Ali Ayyash


I Quit My Job At Google to Launch a Blockchain Startup. Here’s Why I’m Glad I Did.

When I arrived at Google as a software engineer in June 2016, I was ecstatic.

I believed Google to be a company that prioritized innovation and encouraged personal creativity, so I was thrilled to be working somewhere that I could start flexing those mental muscles. I joined the Cloud Resource Hierarchy Team, and although I found the work interesting, I imagined I’d be making an impact outside of my team right away. That’s the kind of value I thought that Google placed upon creative thinking and good ideas.

But I quickly realized I was wrong. Within six months, I felt stifled.

Google is a huge company, which meant it had a lot of bureaucratic hoops to jump through. I found that even though my opinion was valued inside the confines of my small team, I was limited in my capacity to contribute beyond that. The work I was doing was important, but it became clear that it would be the only work I would ever be able to do in my particular role.

I was happy, sure, but fulfilled? Not particularly. I worked hard, but something was missing.

I knew I needed a change.

Then, in January of 2017, I became interested in blockchain.

The first blockchain platform I really started investigating was Ethereum. I researched the data structures underlying it. Then, mostly for fun, I wrote my first smart contract. (Smart contracts run on Ethereum.)

The blockchain technology powering Ethereum made sense to me almost immediately. I’d spent my career up to that point working on distributed systems and cloud-based infrastructure for centralized companies like Google, IBM, and Amazon. Each of those companies harbored and controlled all of the data they collected.

But blockchain technology is not limited by the governance of a central authority. It removes these gatekeepers from the equation, and in turn emancipates that data.

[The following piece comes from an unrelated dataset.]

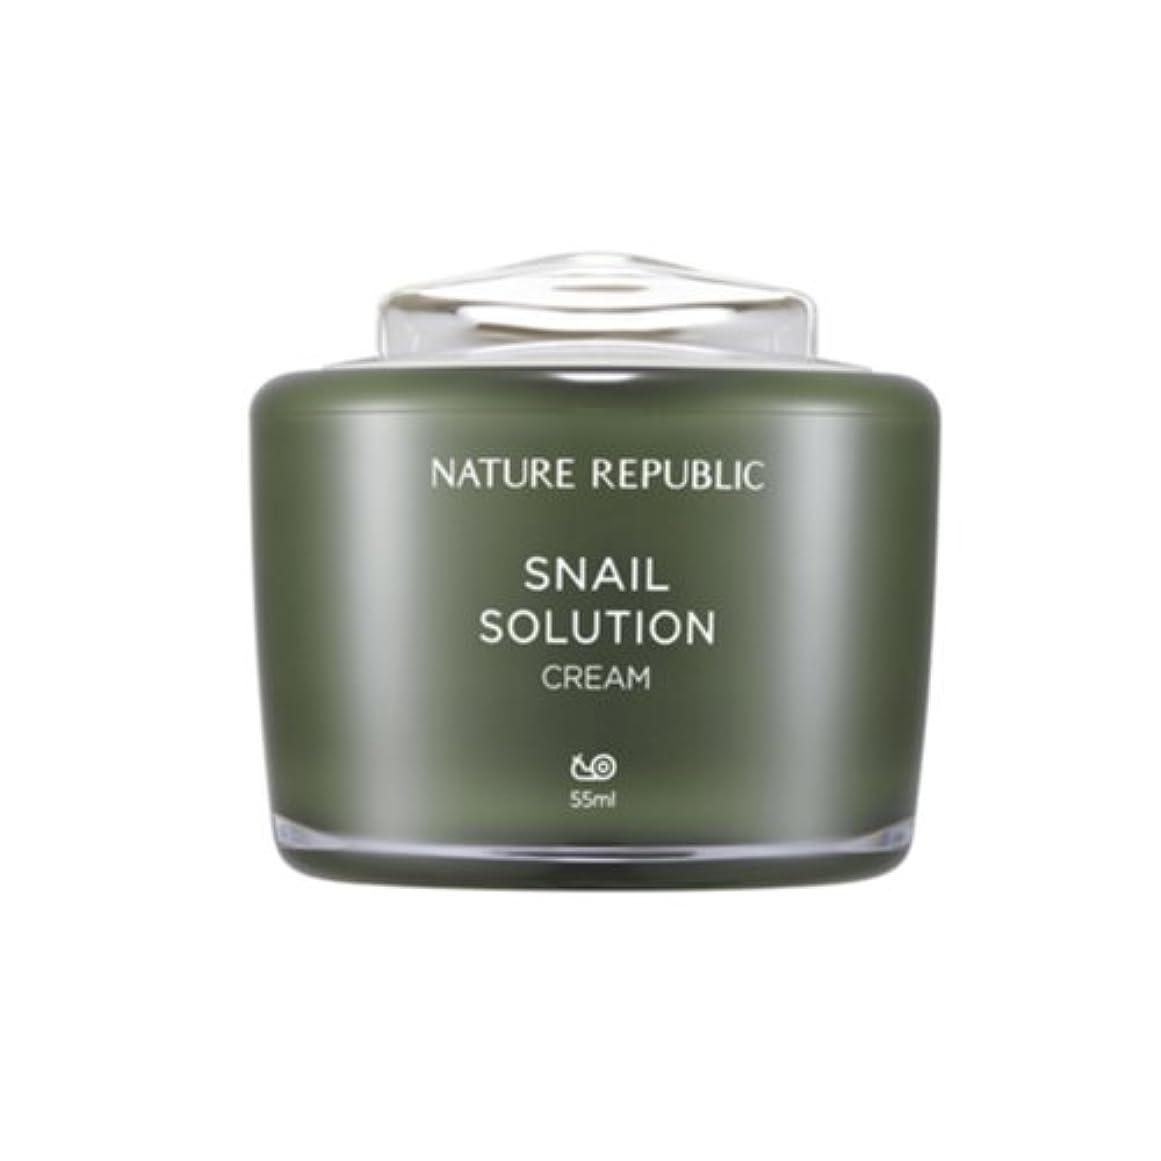 航空機ジェム重量[ネイチャーリパブリック] Nature republicスネイルソリューションクリーム海外直送品(Snail Solution Cream) [並行輸入品]

I saw blockchain as almost a form of data-democratization, an important social innovation.

In addition to optimizing distributed systems, allowing for bigger throughputs and lower latency, the technology enables consumers to see what is happening with their personal information. And it protects that data with more powerful forms of encryption.

Blockchain felt like an exciting and worthwhile innovation, and I wanted to be part of it.

It was around that time that Jon Chou, one of my co-founders at Bee Token, reached out. He had a vision. What he described was a decentralized home-sharing network built on open Ethereum protocols that was powered by Bee Token’s own utility token — it would be like an Airbnb on the blockchain.

It was clear that this network offered distinct advantages over the predominant, centralized home-sharing model, and I was excited by that prospect. But I was also, by that time, very ready to start working on something new — something without bureaucratic limitations or defined creative boundaries. Something exciting, something different — something important.

Given my burgeoning interest in blockchain, along with my previous experience working with distributed systems, this felt like the perfect opportunity — a real and valuable application of the technology I’d become so intrigued by.

After a few more final conversations with Jon, I gave Google my two weeks notice.

The differences between working for a company like Google and a company like Bee Token are stark.

At Bee Token, I have the ability to build things from scratch. I have the ability to be creative and to innovate. Change happens quickly, and decisions are made even quicker. There’s no red tape to dance around.

I’m asked sometimes now if I was nervous at all about leaving Google. Google was safe. Google was a sure thing. Each time my answer is a resounding, “No.”

I believe that you cannot truly learn the ins and outs of something new — or truly experience or benefit from a new opportunity — unless you put everything on the line for it.

No longer do I feel limited or boxed in. Now, I feel like I’m making an impact. Now, I am more in control of my creative output.

This intellectual freedom is fulfilling, but perhaps even more fulfilling is the challenge we’re taking on at Bee Token to set an example around how to successfully and properly harness blockchain technology. We’re defining best practices as we’re creating them. We are, in this sense, trailblazers — harbingers of a revolution. That’s an exciting camp to be in.

But just like any new and rapidly growing space, blockchain has its own unique challenges.

Given that it’s uncharted territory, there are a lot of newcomers who are only interacting with the technology in an effort to quickly monetize it. At the same time, there are a lot of scammers and hackers lurking in these open waters, looking to take advantage of the new, less experienced sailors.

At some point, however, I do believe that the technology will be more robust and more widespread, allowing us to more easily fight those with nefarious intent. Those starting bad projects will become overshadowed by the better projects that utilize the technology correctly and with good intentions.

But even right now, in our blooming present, I’m more excited about what I’m doing than I have been in a long time. In my previous, more definitively corporate positions, I played a minor, prefixed role in operating a much larger machine.

But here, in this new world, I have the chance to be a trailblazer — to lead a revolution.

It’s a chance I’d encourage anyone with stifled creativity to consider taking.